I give The Venture Brothers two big big thumbs up. It takes a couple of episodes to really grow on you, but the fact that a 35-year old man who never much went for comic books and cartoons (even as a kid) endorses it, should tell you all you need to know.

Monday, October 19, 2009

towards the convergence

I'm slowly transferring links from my favorites toolbar to this place, so I should apologize in advance for not supporting these excellent writers. In case you're curious, recent additions to the blogroll include:

Weer'd World- a fellow sailor/ ... living a parallel existence, Weer'd and I travel many of the same roads in the blogosphere.

The Quincy Scallion-
A first rate source of South Shore Politics and inside jokes relevant to the 6 people in the city of Quincy MA (Home of more dead presidents than any except for 6 other cities) who know how to read, and the teeming masses of people who pass through on their way from someplace better to someplace also better at some point in their lives.

Watt's up with that? is a scientific website dedicated to rigorous examination of the science and theory employed in climate research.
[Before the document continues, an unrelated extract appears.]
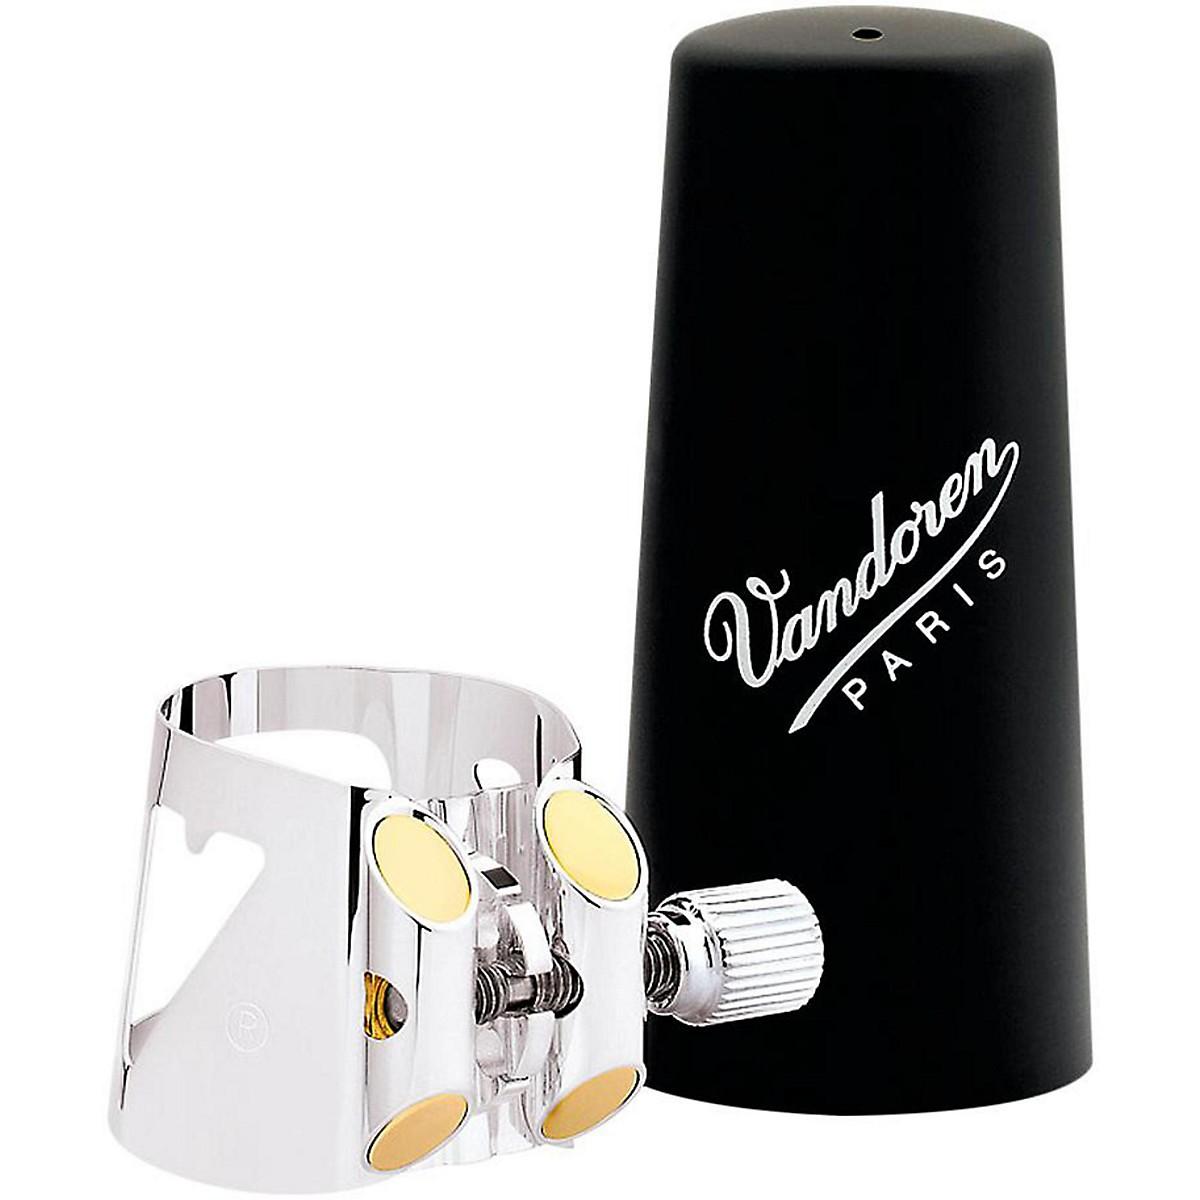 Vandoren Optimum Bass Clarinet Silver-plated Ligature & Plastic Cap

As a skeptical semi-trained scientist who was taught to "mistrust authority' on day one at university, I find the lack of political influence on this website to be completely refreshing.

People of Wal-Mart. This one is sort of a guilty pleasure. As a frequent patron of Super Wal-Marts all along the Atlantic seaboard, and also along the US Gulf coast, this is also a stroll down memory lane... sort of a stroll down the of low-lights of Wal-mart visits past.

Manu's Scripts. I've been reading this blog for quite a while. I have a lot to be jealous of here. Manu is an experienced and exceptionally well-travelled ship's master... and a sublime writer.

That's it for tonight. More to come.

Sunday, October 18, 2009

the screen door in our submarine

I'm not being facetious. We really do have a screen door here at the Atlantic Basin World Headquarters of HAWSEPIPER.

Seen heah:

It's in the mid 40's... and raining. And the choices are:

1) Screen door: cold-ass air gets in. No insulation. No gaskets, rubber runners, etc. You get the idea.

2) Close and dog down the watertight door, lock all six dogs, and set Circle William, (Condition Watertight, where no air, light, and yes, water, will get through the door. (and then live completely hermetically separate from humanity in our teeny tiny box.)

So, we are a little chilly, as can be seen in the exciting photo above, where Buddy the Grumpy Tankerman sits at his action station, playing World of Warcraft 22.5 hours a day.

For my new stalker Mike, here is a shot of the bunkroom here at HAWSEPIPER's Atlantic Basin Global HQ.

Note that I had to stand outside the bunkroom to show this much in the photo. That's because the bunkroom is 4 1/2 feet by 6-foot-1. I know it's 6-foot-1 because I am 6 feet tall, and if I put my head against the bulkhead, and flex my ankles just a mite, I can touch both bulkheads.

At least the carpentry is nice. Clever use of 2x4's in a decorative fashion.

The other view. This is me standing in the screen door, looking inward. the galley is not visible here, but it's a nice range/oven/microwave unit, next to the sink. That's where the action happens.

Note the open bunkroom door. Damn this is small.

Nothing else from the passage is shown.